Zac Palmer was out at Belle Isle ahead of this weekend's Detroit Indy Car Grand Prix-- it's back-- where Chevy-- shockingly, they're a sponsor-- they also revealed the new Corvette. The new Corvette, if you will. There's a few new colors and the engine gets some upgrades. 6.2 liter V8, that is, gets some upgrades.
But the horsepower doesn't change. So kind of what you would expect. We didn't actually expect that they were going to announce a refresh for the C8 here. So these are more like tweaks is what I would call them. But yeah, I mean, it keeps the Corvette-- keeps the Corvette current, which is good. And I think the Corvette still feels pretty fresh to me.
Yeah. I don't know. Any quick Corvette thoughts, there, Joel?

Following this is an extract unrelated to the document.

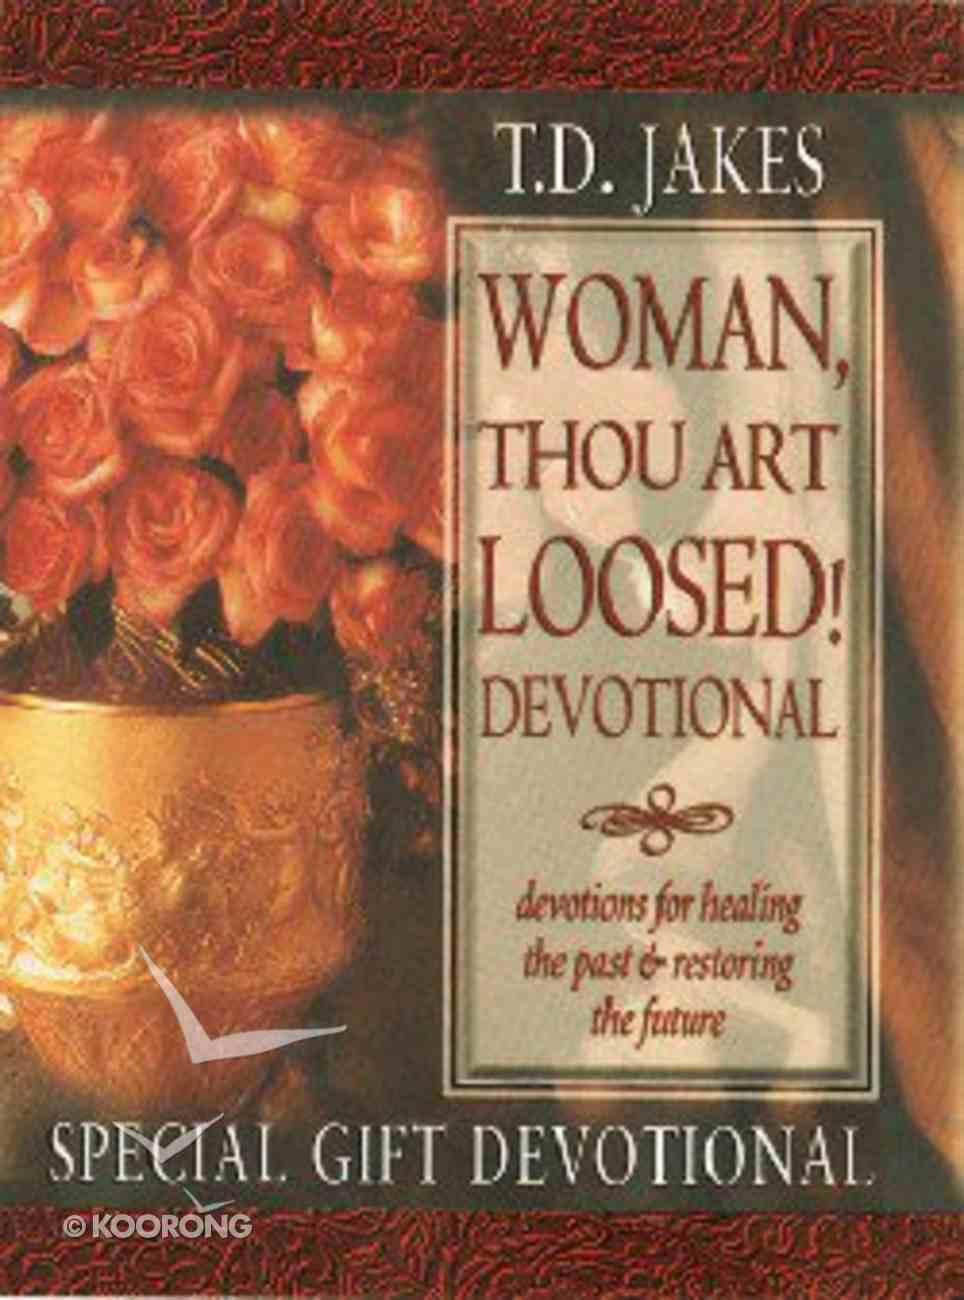 Woman, Thou Art Loosed! (Devotional) Hardback

JOEL STOCKSDALE: The C8.R special edition model is pretty cool. You can get it in kind of yellow or gray with stripes, a lot like the race cars. And you know, I think that's pretty neat. I think that's fun.
They're probably going to be pretty pricey, because they're-- on top of being a limited production special addition, it's also based on the top spec three LT trim level with the performance pack. So it's going to be kind of pricey.

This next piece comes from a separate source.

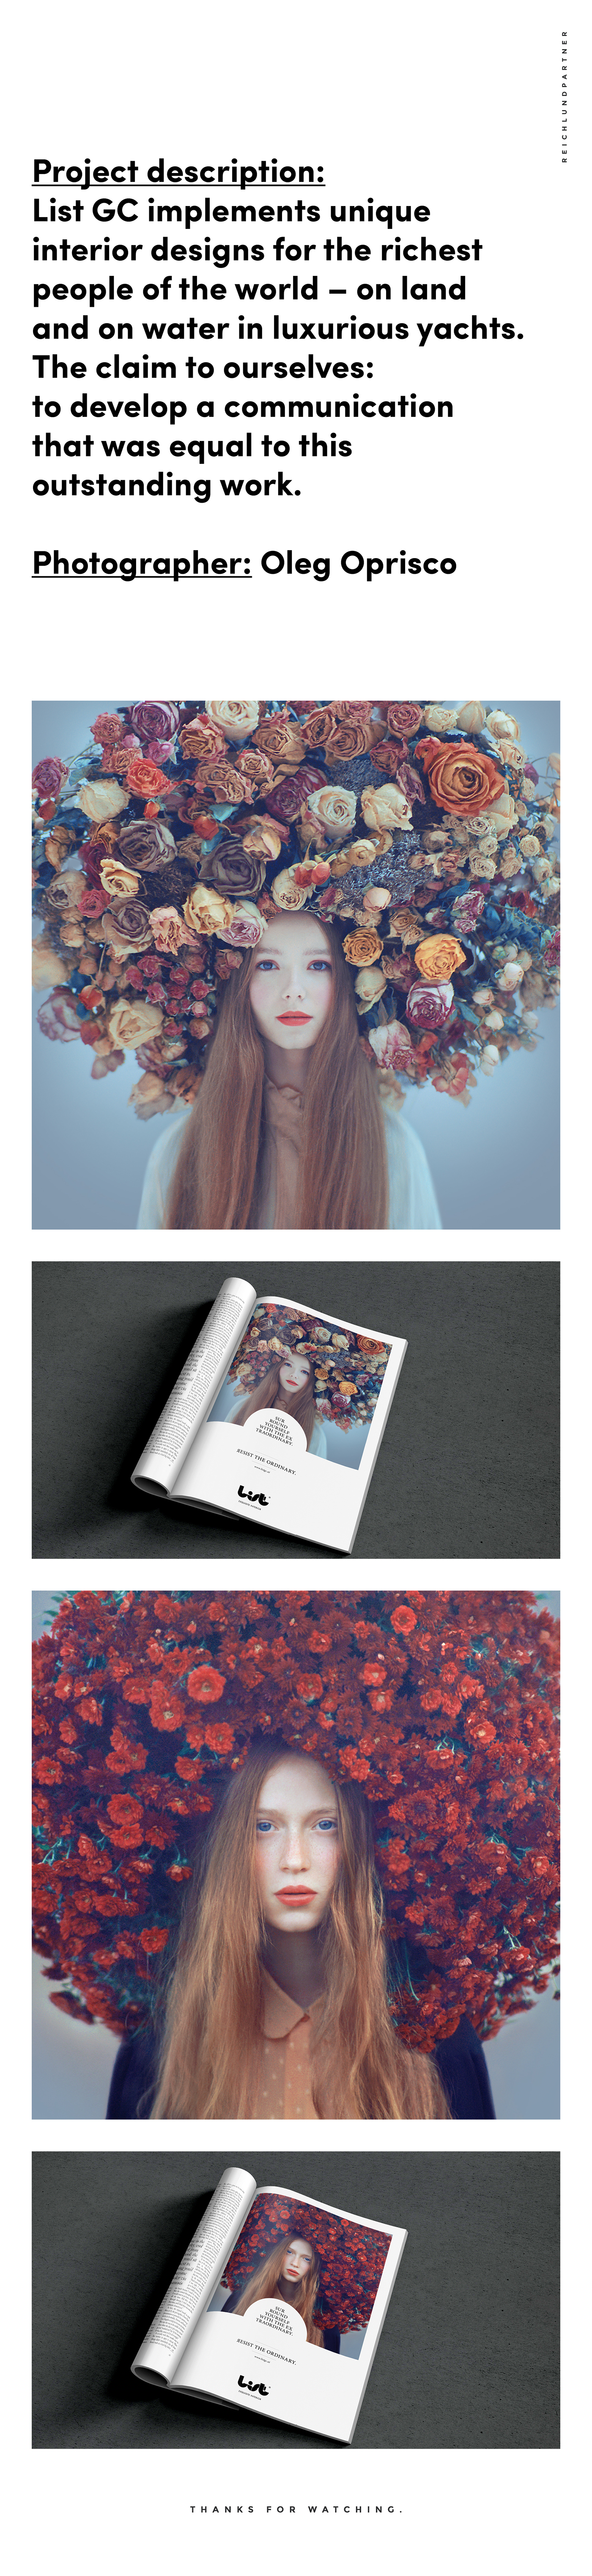 list Reichl oleg oprisco Photography  Advertising  award

And the new colors are nice. They're not, like, crazy. There's kind of a soft gray color called hypersonic gray. And this is an orange called Amplify Orange tint coat. There's also an interesting metallic brown. And I really like the-- I like the name of it. It's just called Caffeine.
GREG MIGLIORE: Works for me. To be driving that car is just caffeine in general. So hey.
JOEL STOCKSDALE: Oh, and I guess we should mention the new Corvette is a little bit more expensive this year. Base price is now $62,000. But honestly, at that price, it's still an amazing deal for me.
GREG MIGLIORE: Mid-engine V8 sports car that looks great, there's not much else out there like it, quite frankly, at this price point. So yeah, I had a random thought. Land Cruiser just came to me. They need to give it the Lincoln treatment. That's what I would call it.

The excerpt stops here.